Start of Collected material
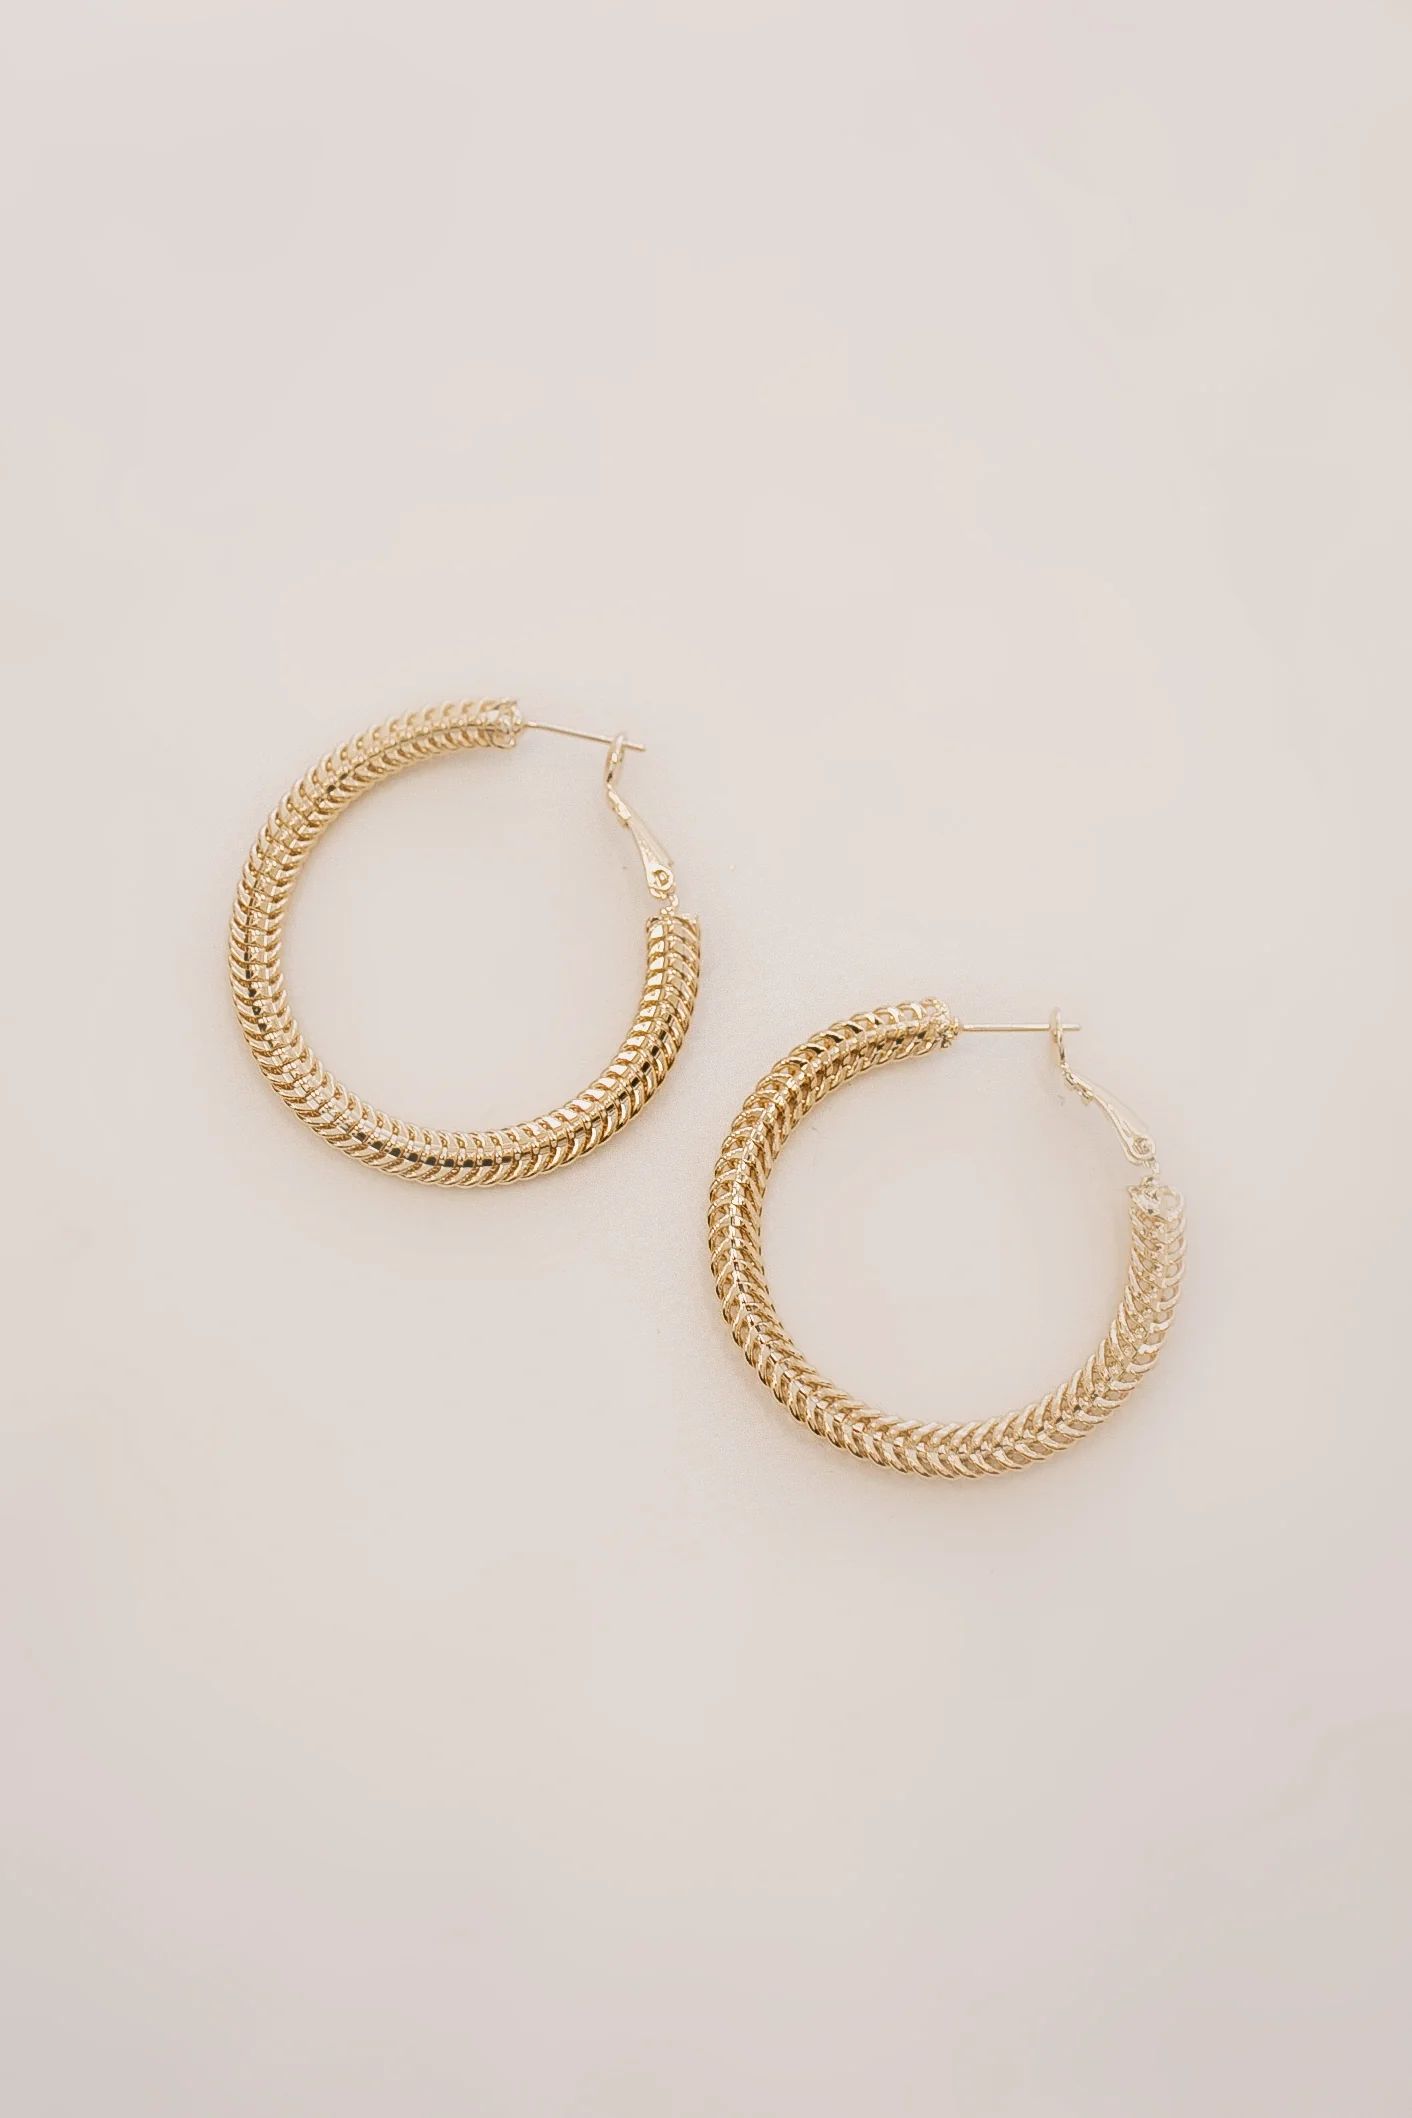 Bliss Chain Hoop - Gold | THELIFESTYLEDCO
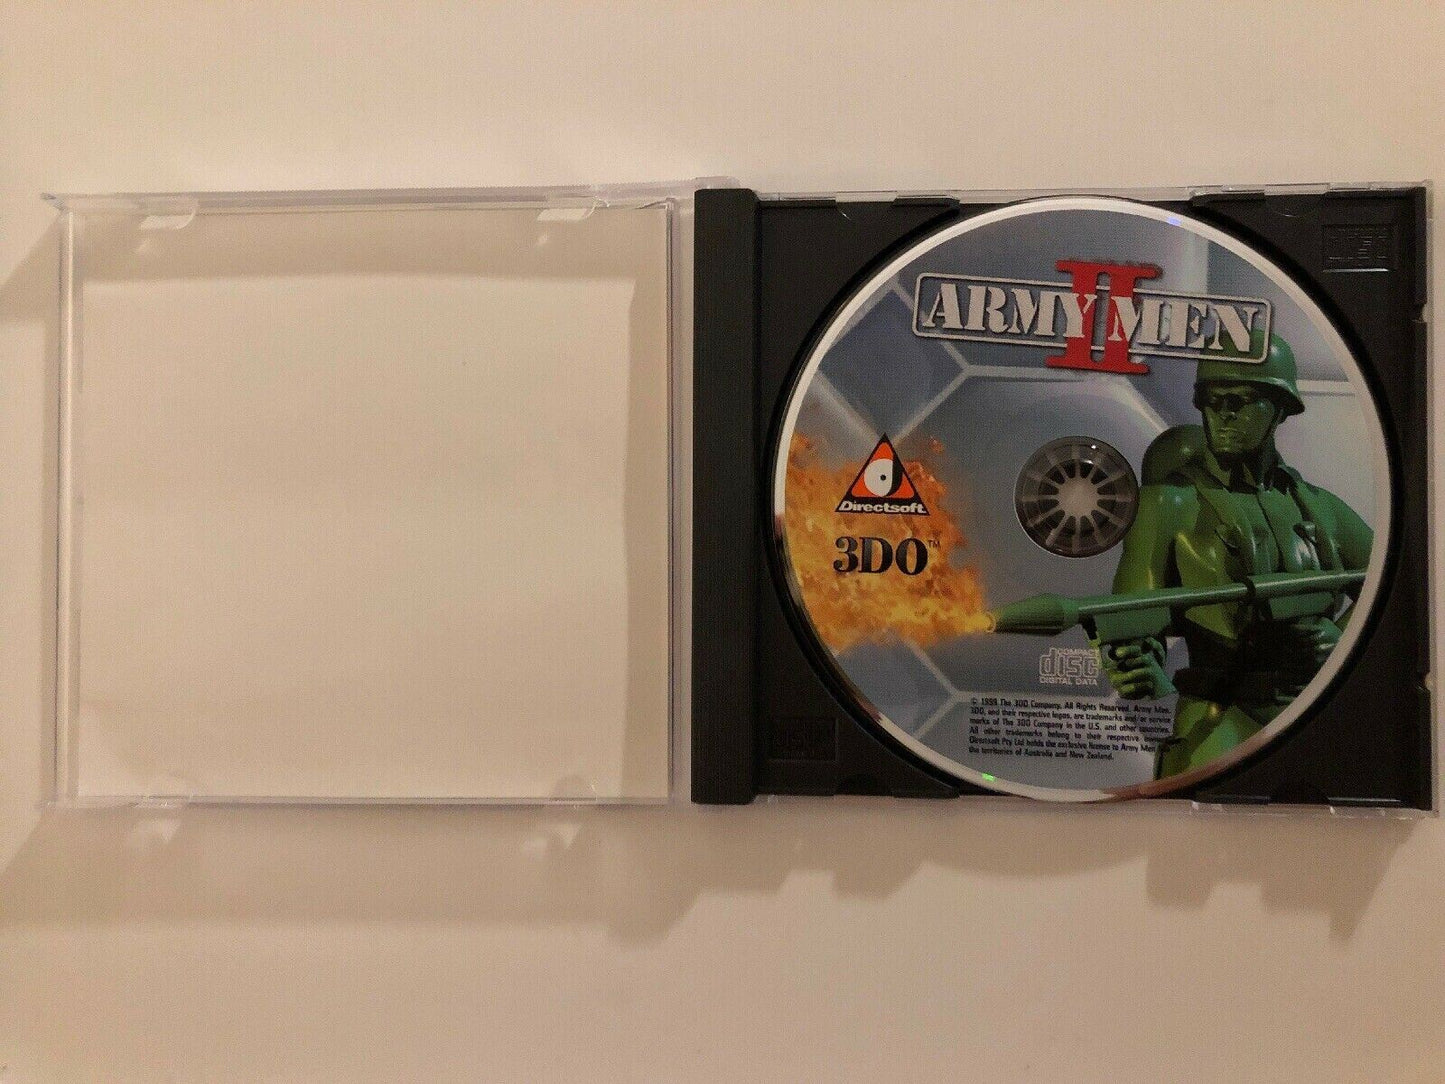 Army Men II 1999 CD-ROM 3DO DirectSoft Arcade Action Vintage Game
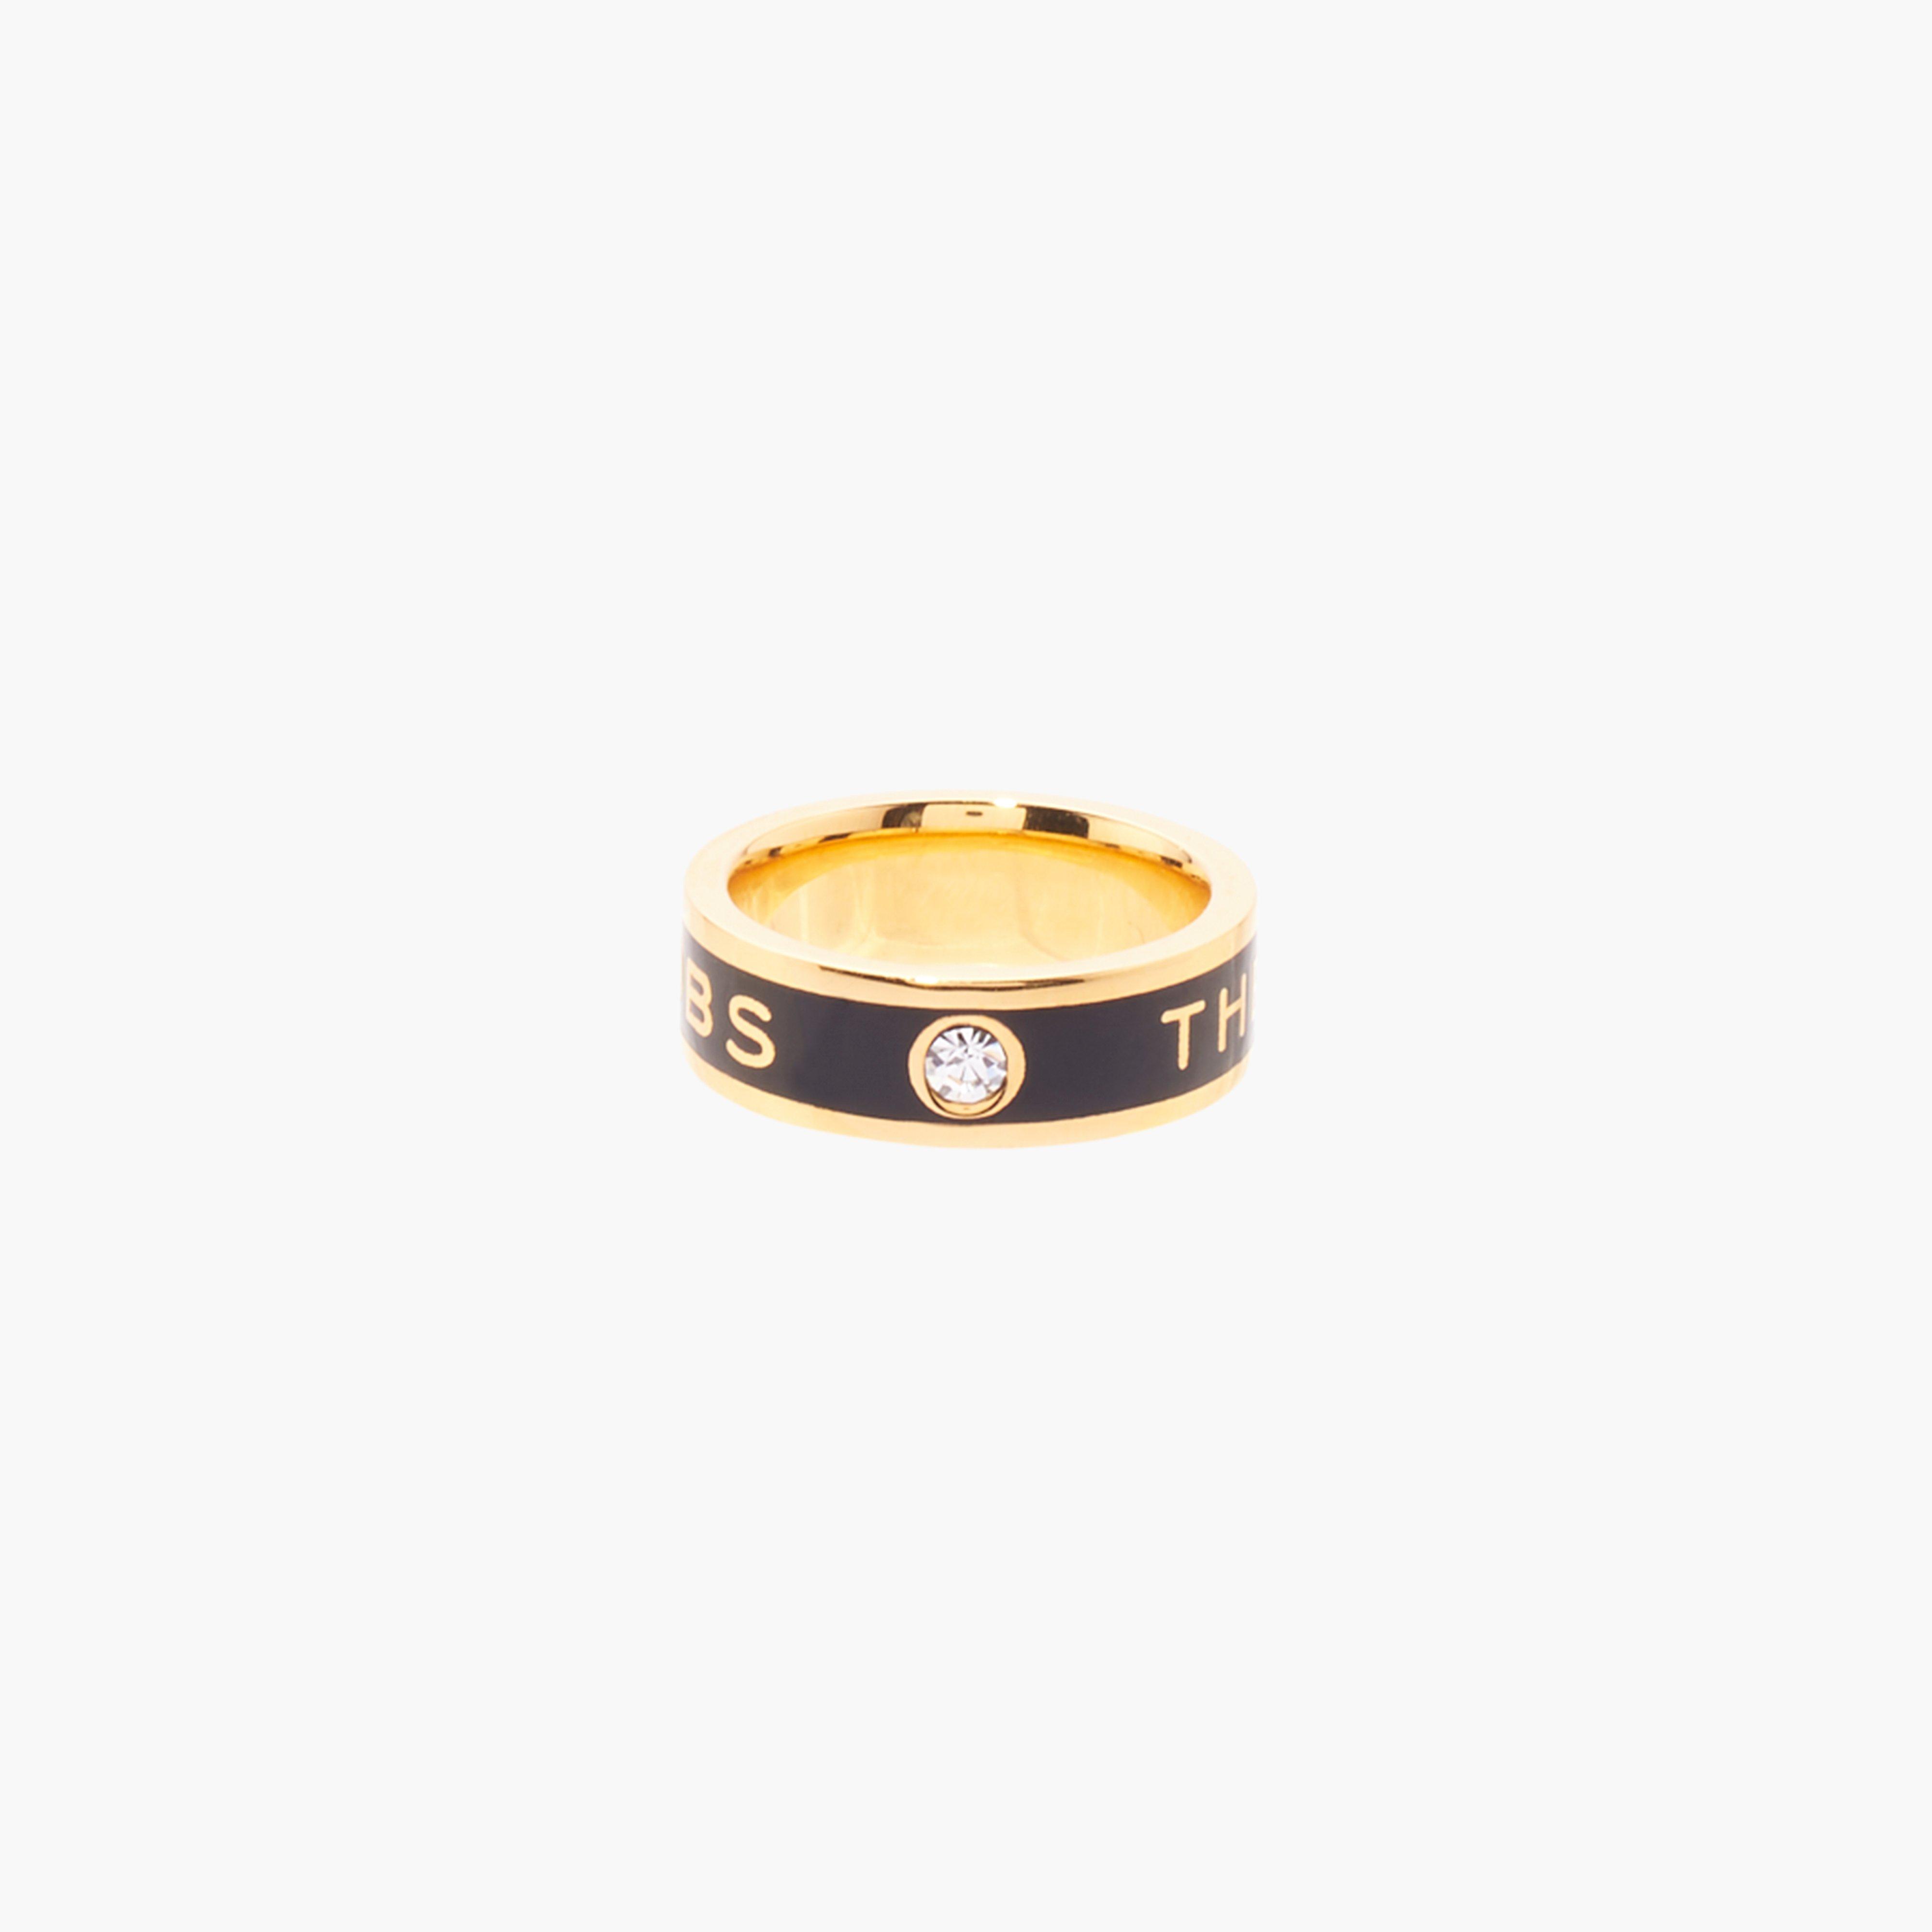 Marc by Marc jacobs The Medallion Ring,BLACK/GOLD
End of Collected material
(Work to complete):
Please copy, exactly and only, the lines of the listing that run from the one holding "Army Men II" through its last line, and exclude pictures.

(Exercise solution):
 Army Men II 1999 CD-ROM 3DO DirectSoft Arcade Action Vintage Game
 Marc by Marc jacobs The Medallion Ring,BLACK/GOLD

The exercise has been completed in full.